● **Provided material**:
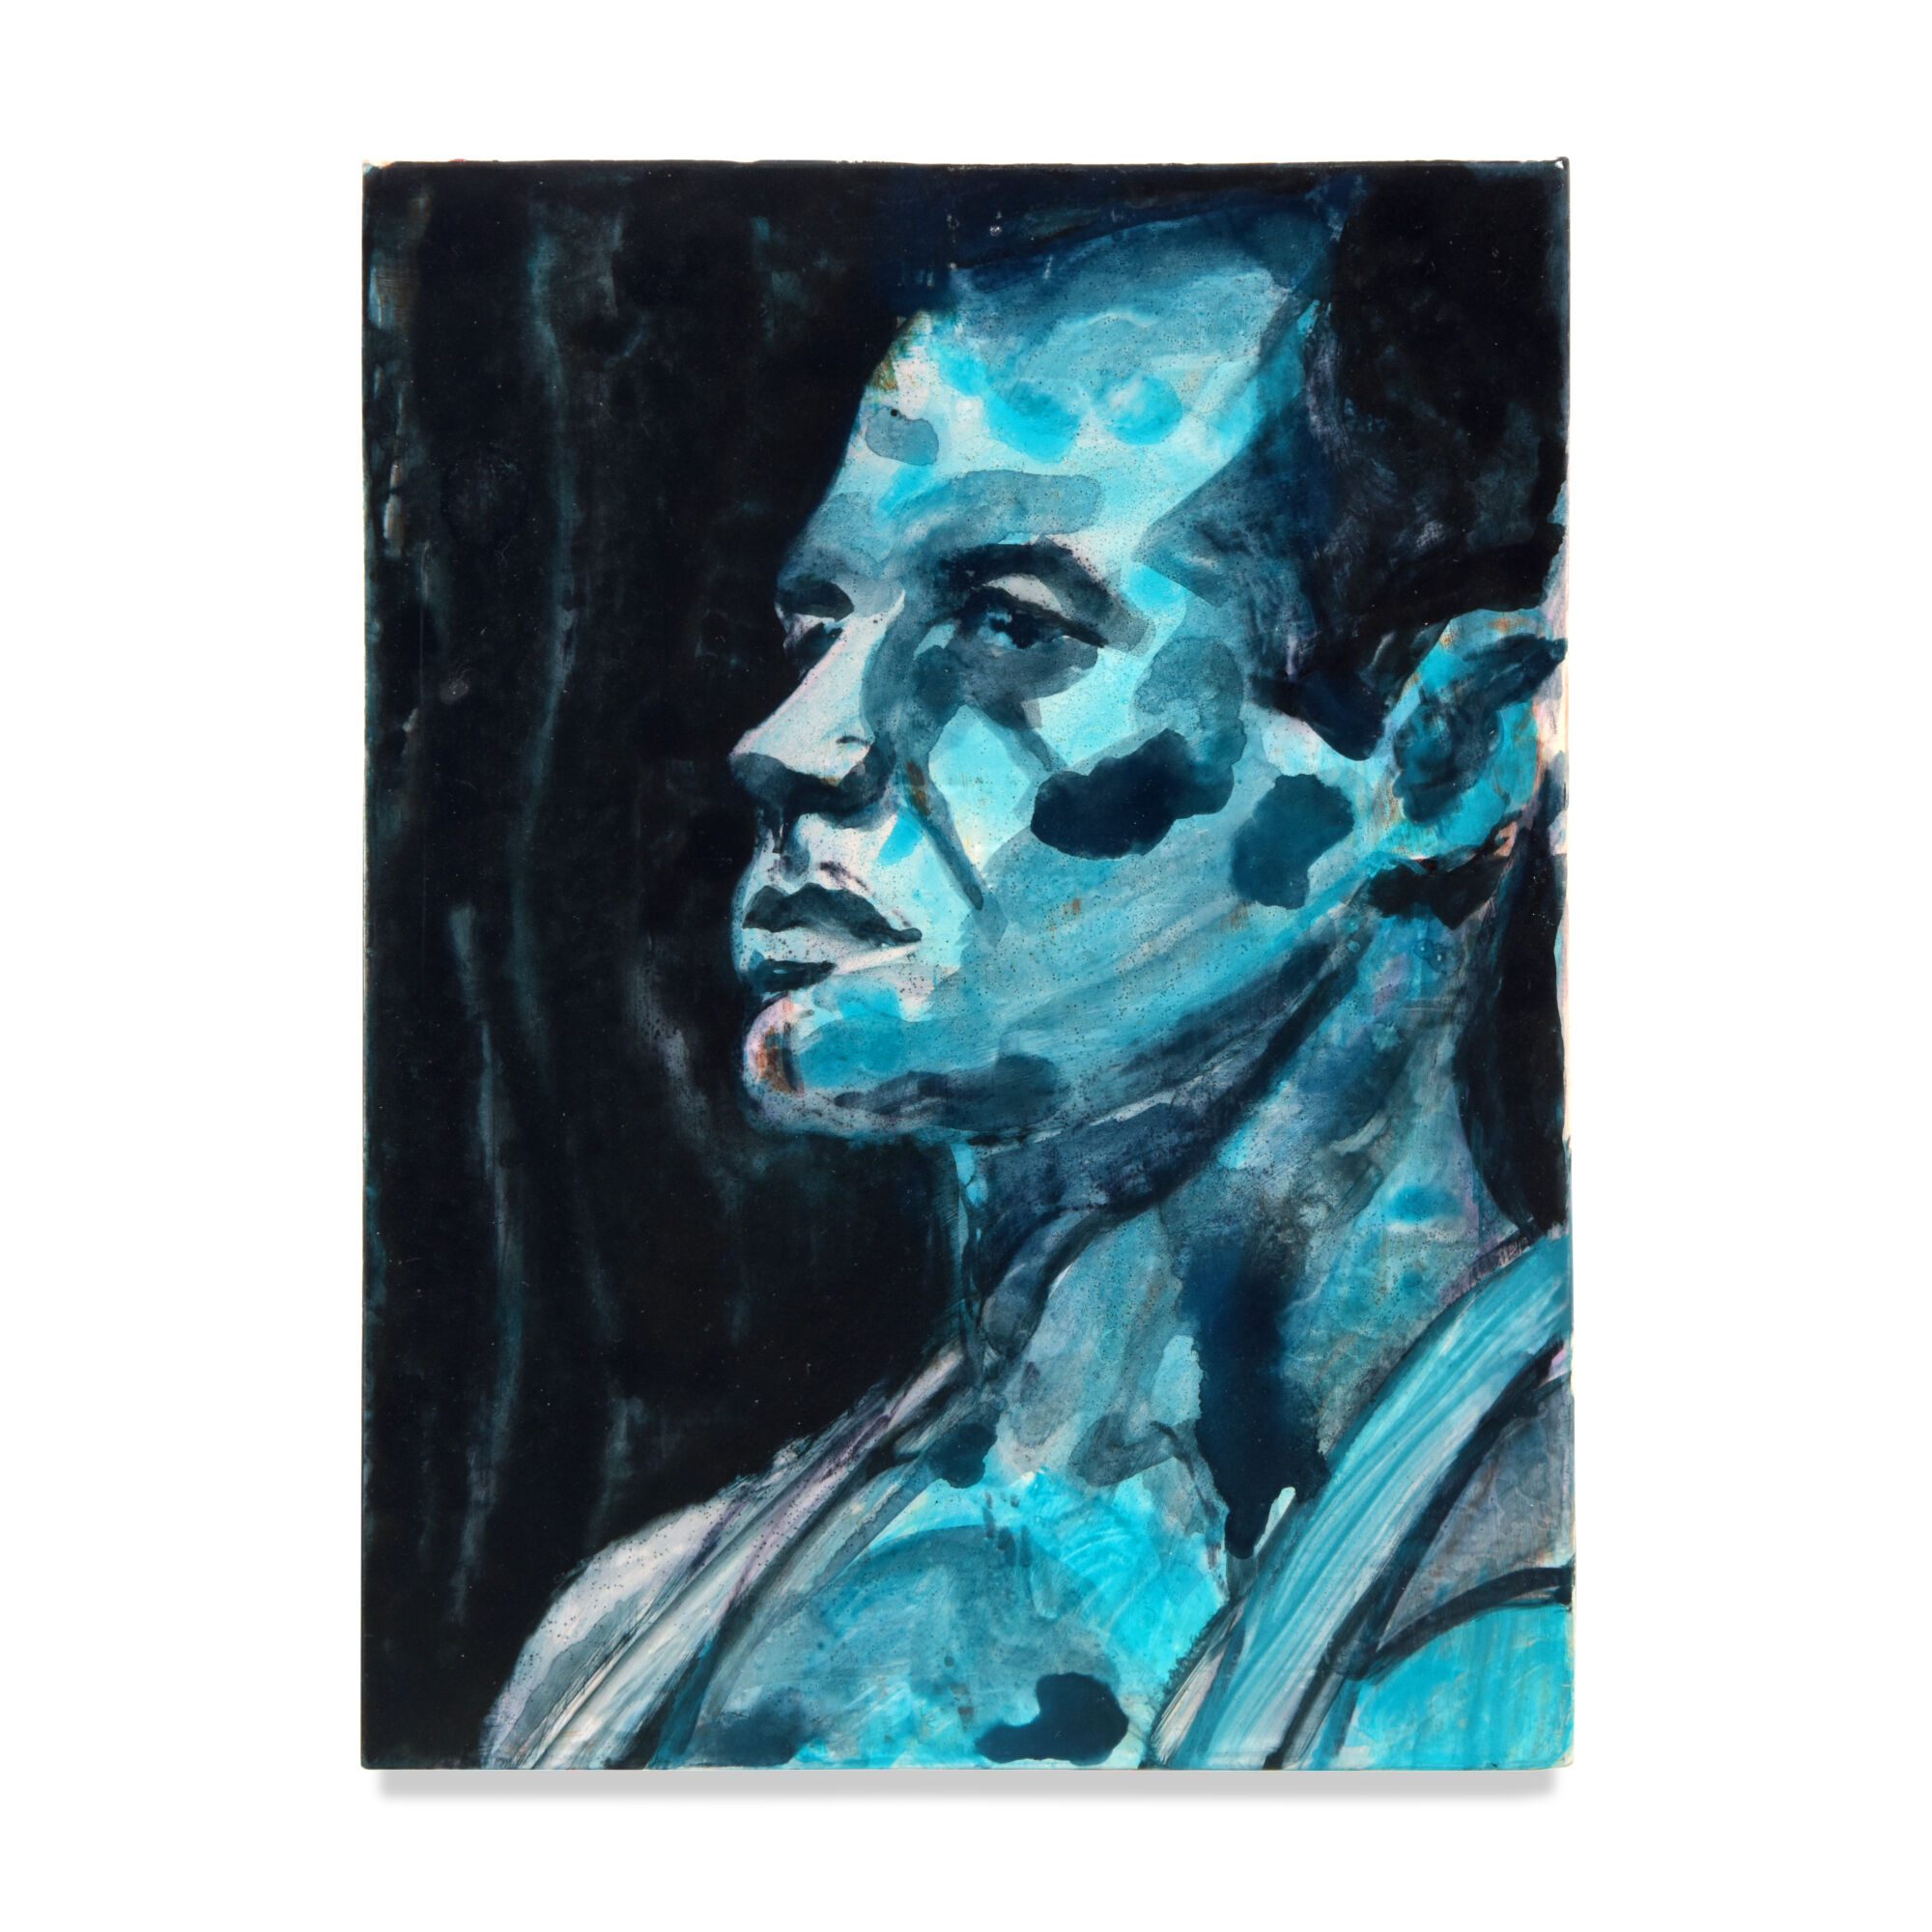 The Wick - Leon Pozniakow
Querelle, 2021
Watercolour on gesso panel 20 x 15 cm, 7 7/8 x 5 7/8 ins

● **Task**:
Please output the data above exactly as given, omitting every picture.

● **Response to the exercise**:
 The Wick - Leon Pozniakow
Querelle, 2021
Watercolour on gesso panel 20 x 15 cm, 7 7/8 x 5 7/8 ins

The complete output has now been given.